*Required work:* With the exception of the pictures, write out the data below precisely.

*Dataset excerpt:*

——————————

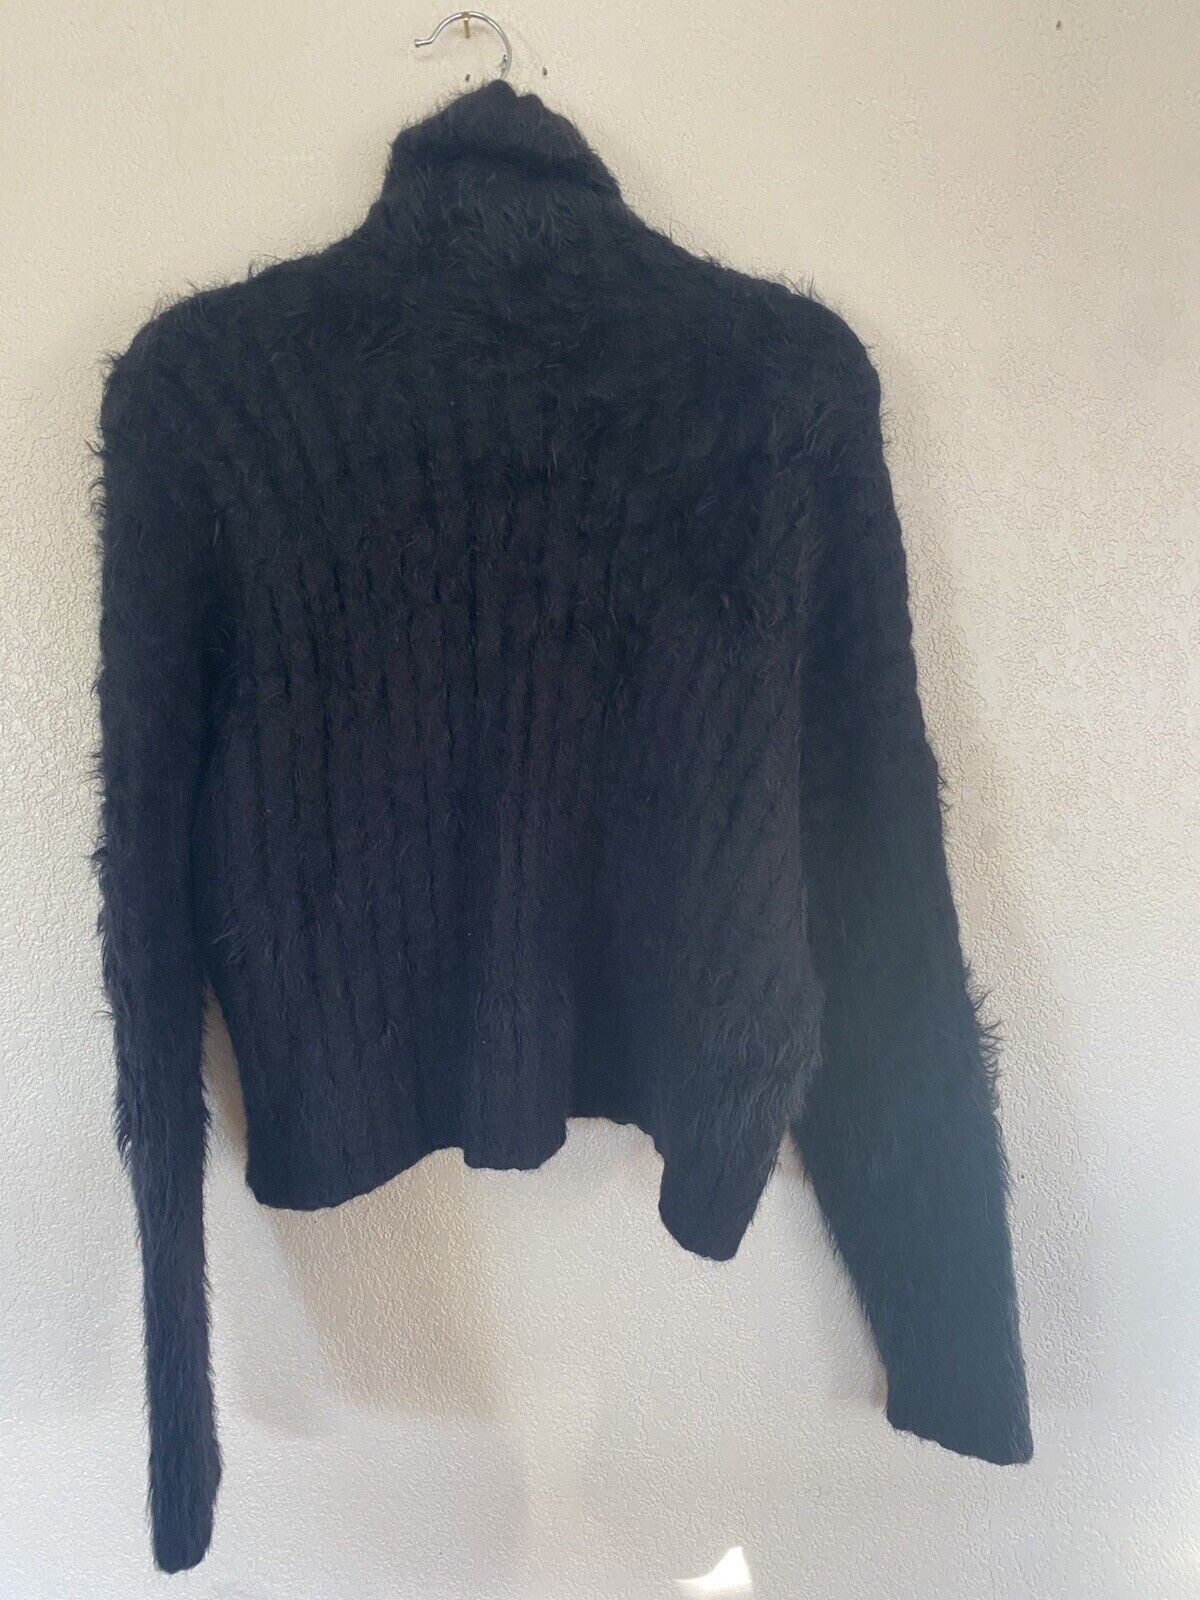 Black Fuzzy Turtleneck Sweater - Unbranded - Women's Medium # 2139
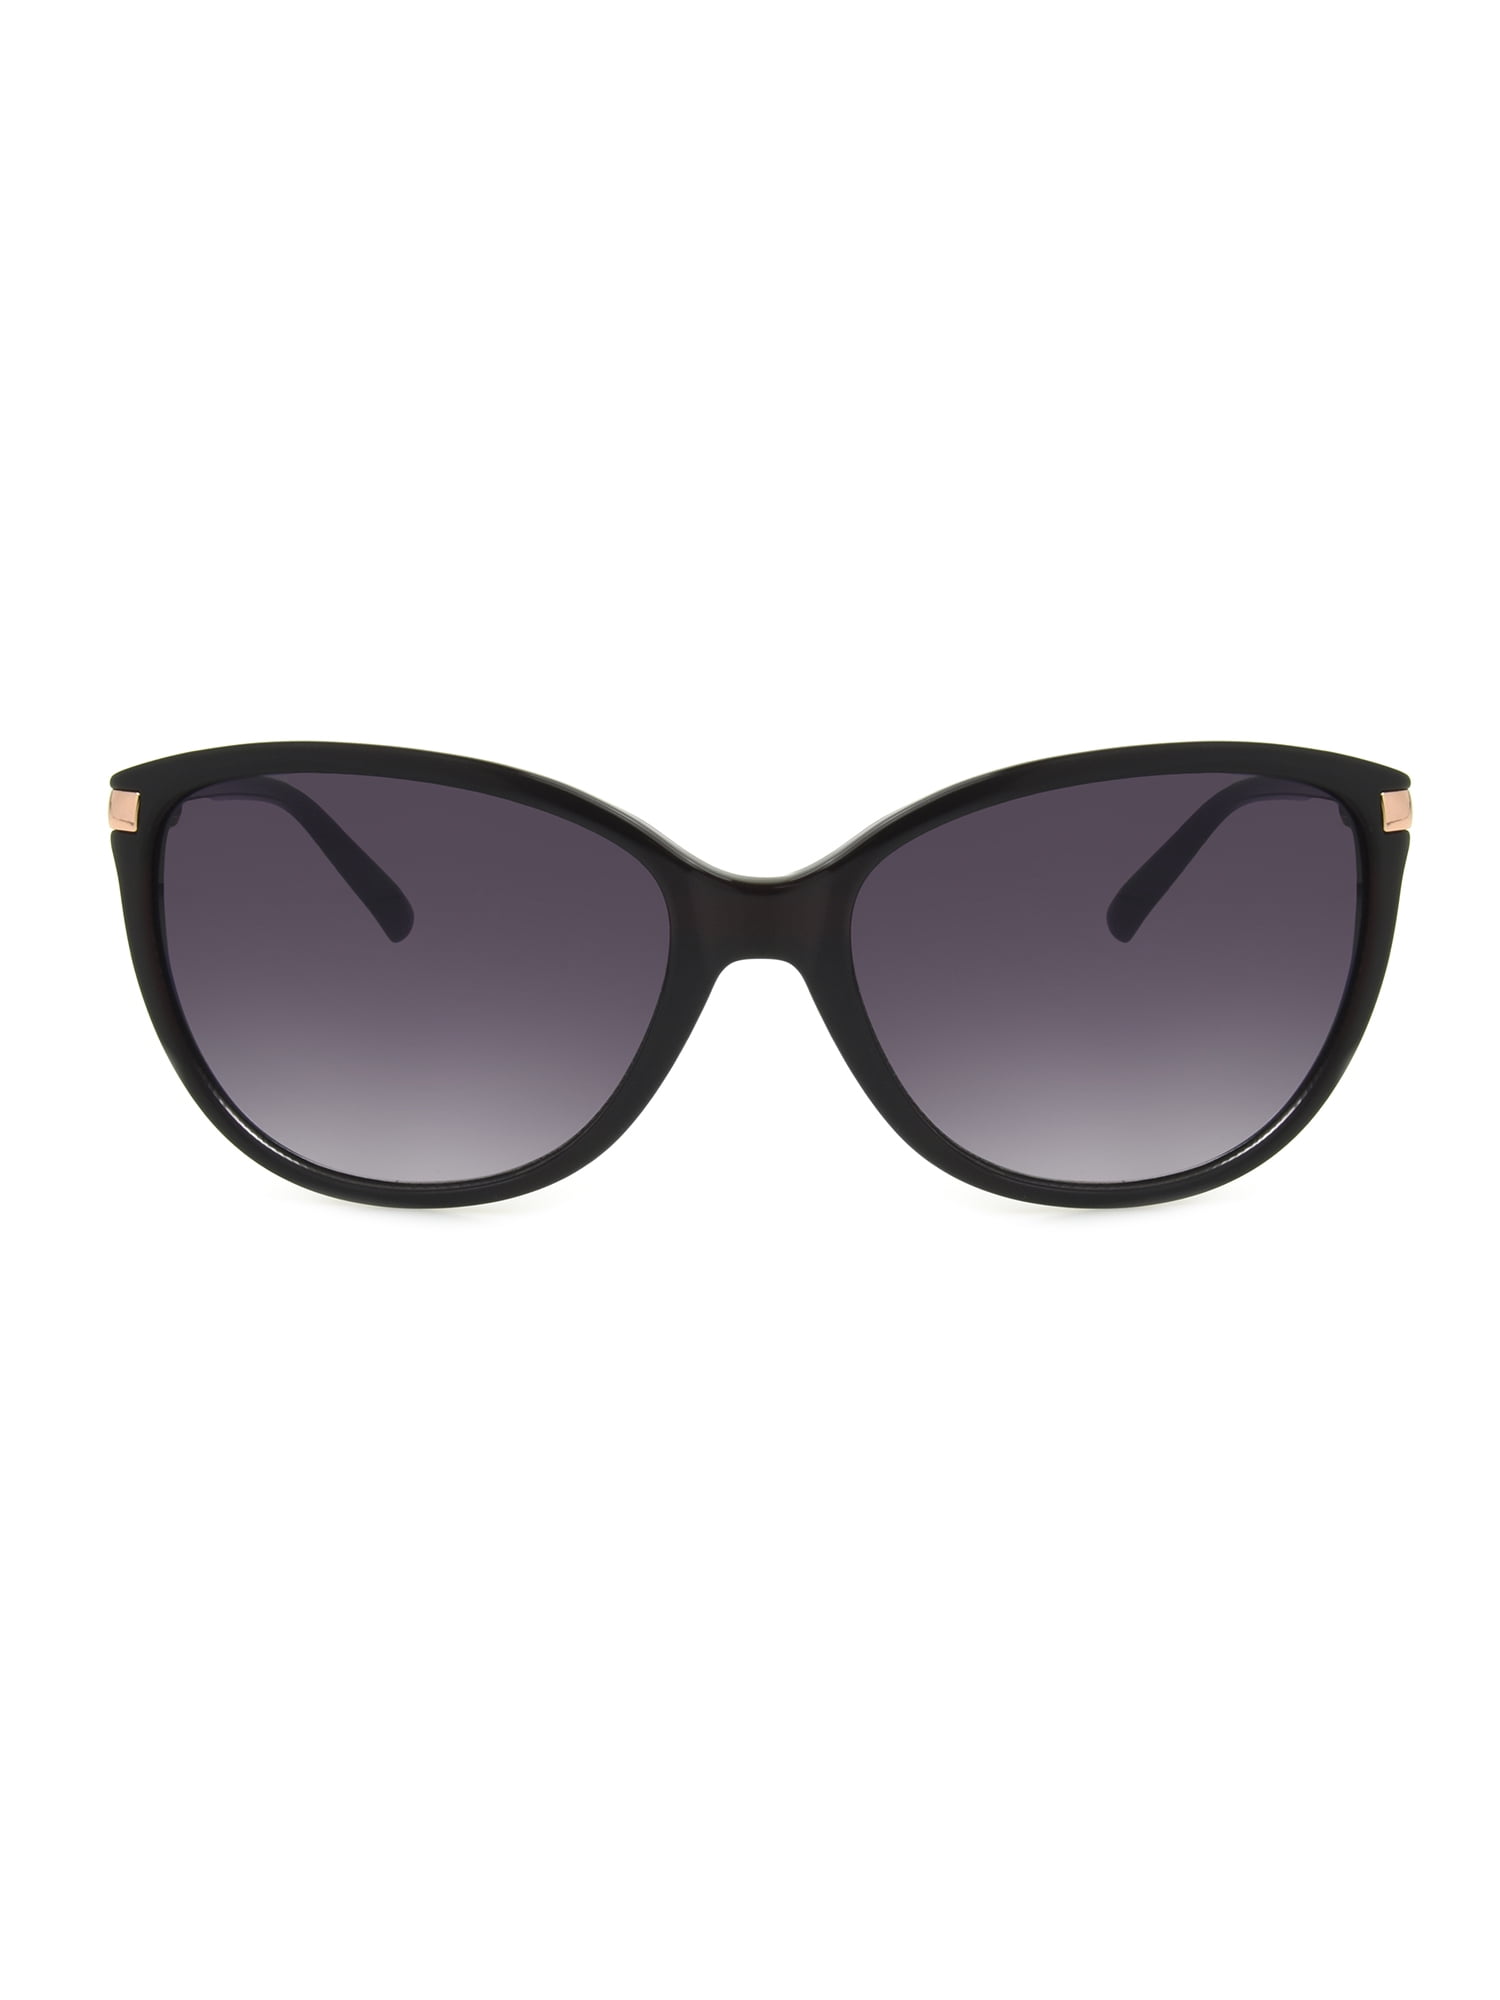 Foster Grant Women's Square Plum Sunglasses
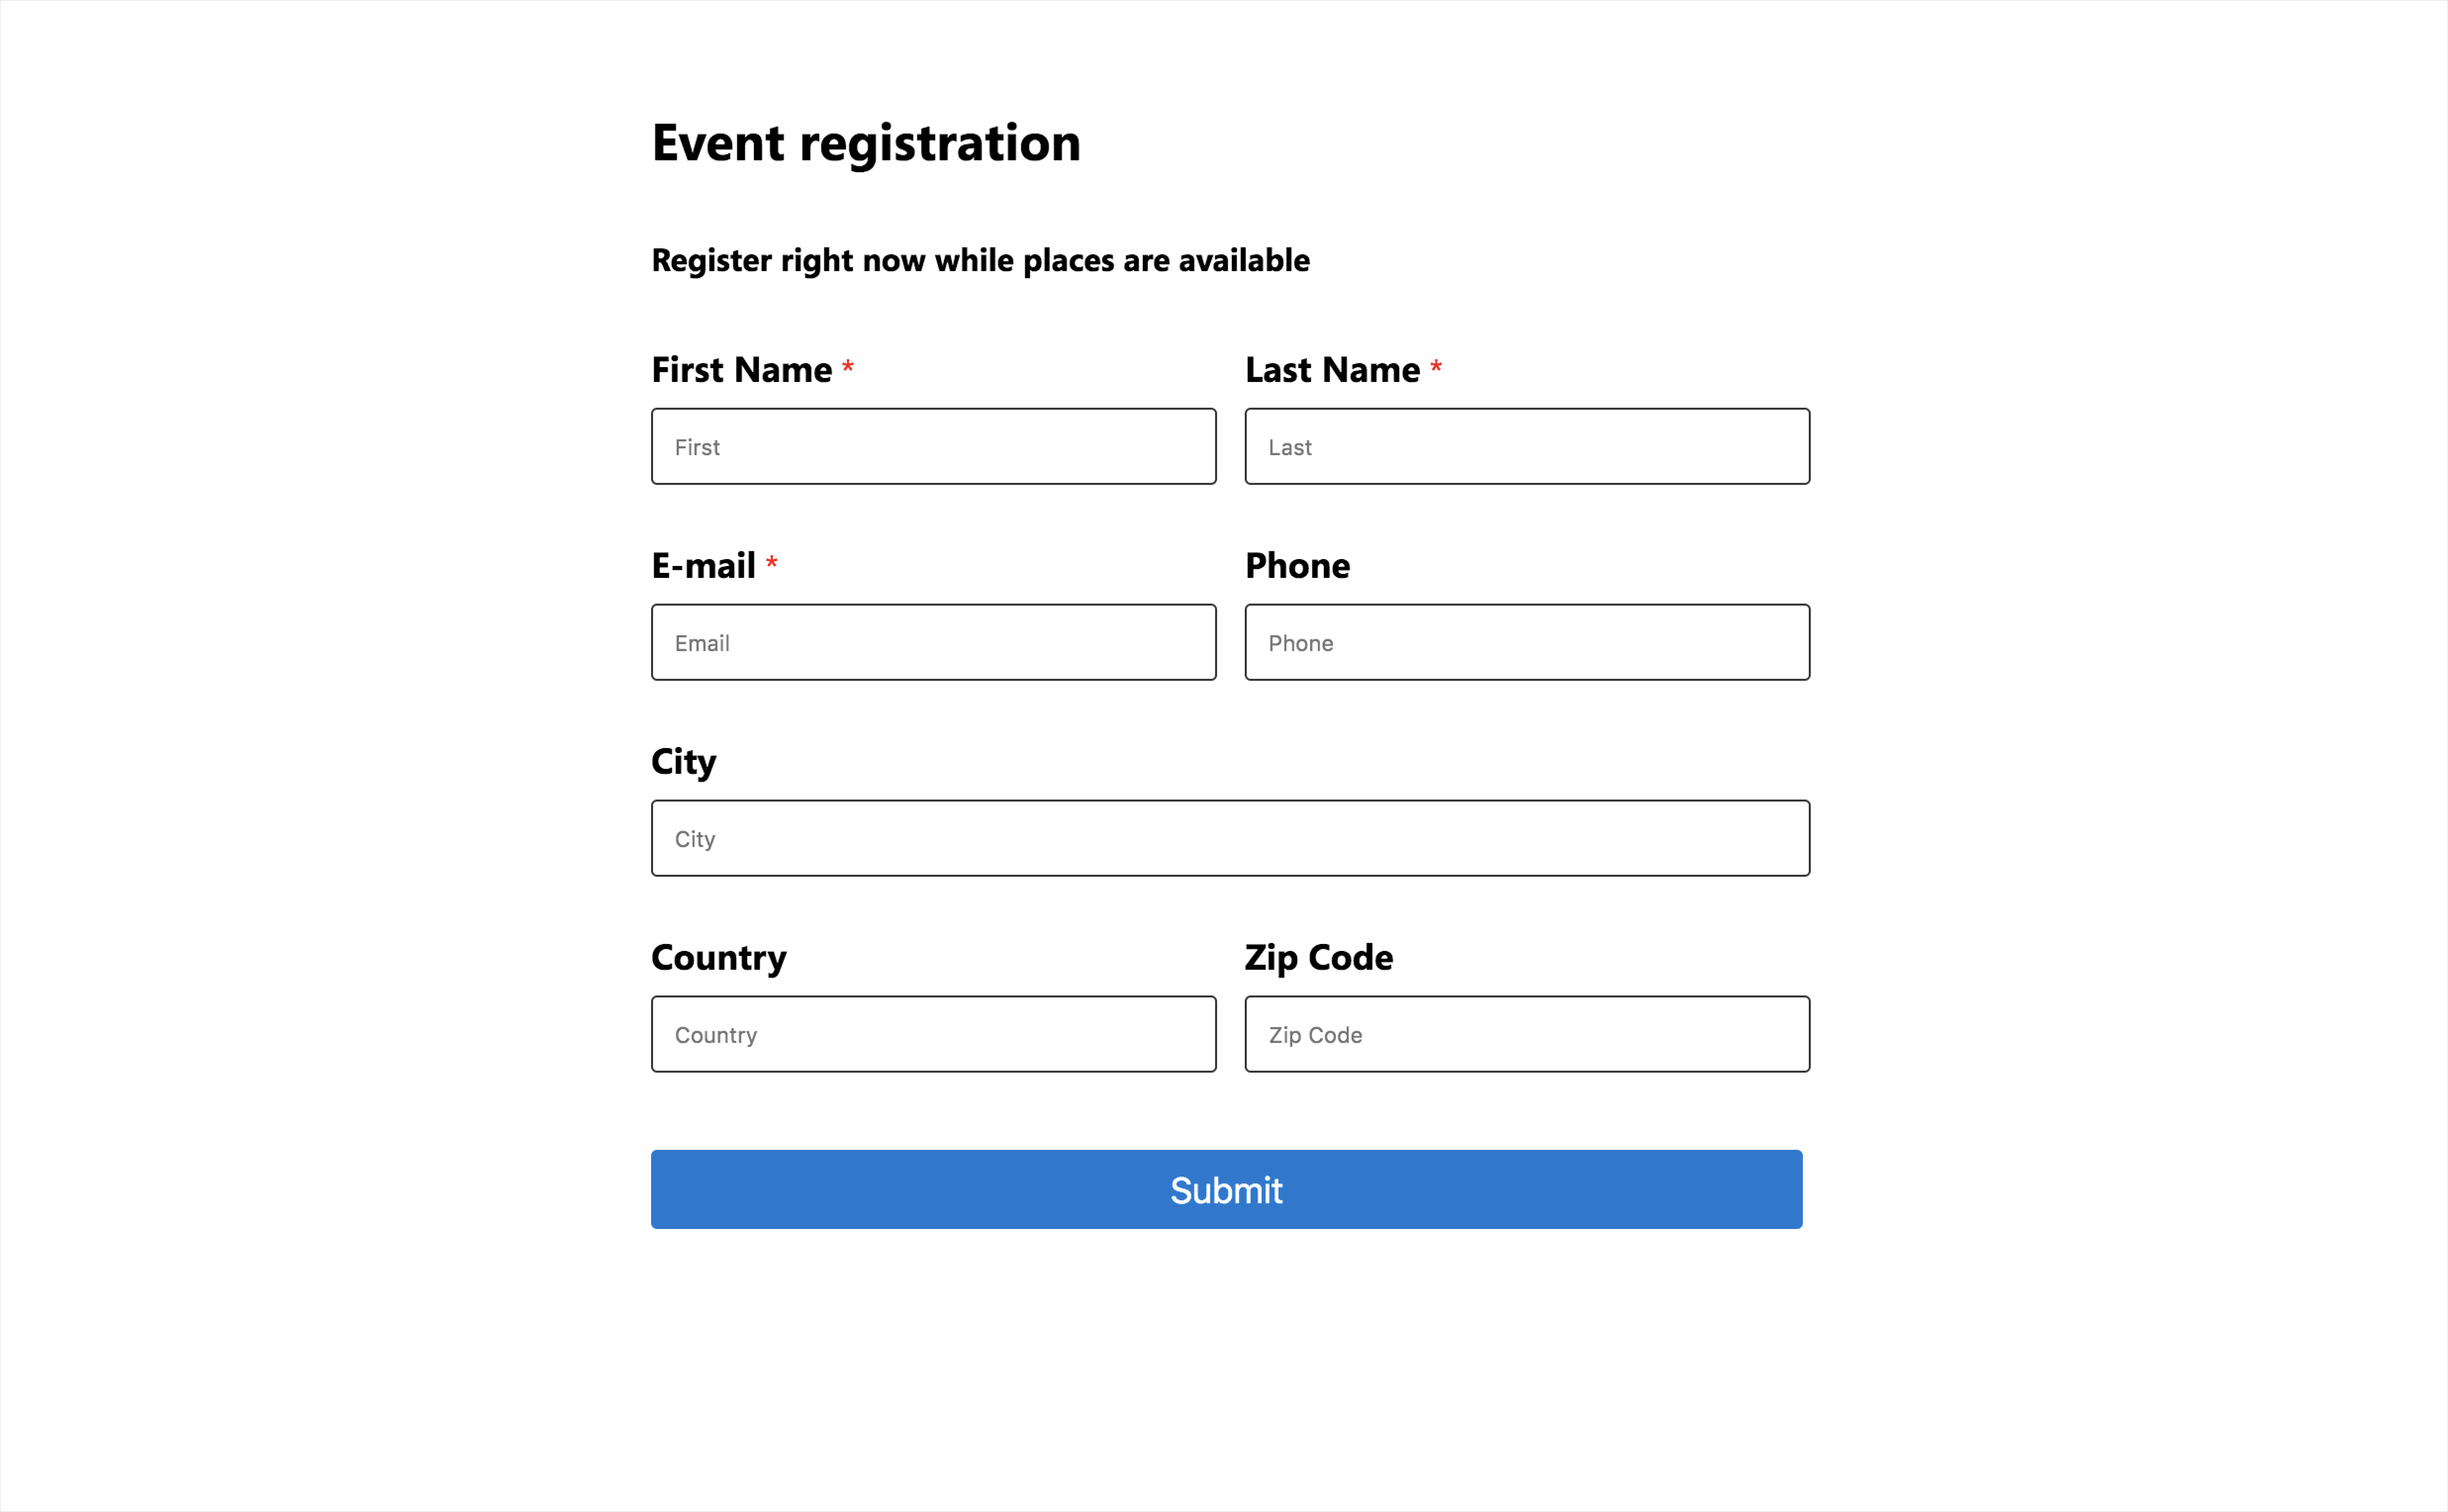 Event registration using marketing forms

——————————

*Response to the exercise:*
 Black Fuzzy Turtleneck Sweater - Unbranded - Women's Medium # 2139
 Foster Grant Women's Square Plum Sunglasses
 Event registration using marketing forms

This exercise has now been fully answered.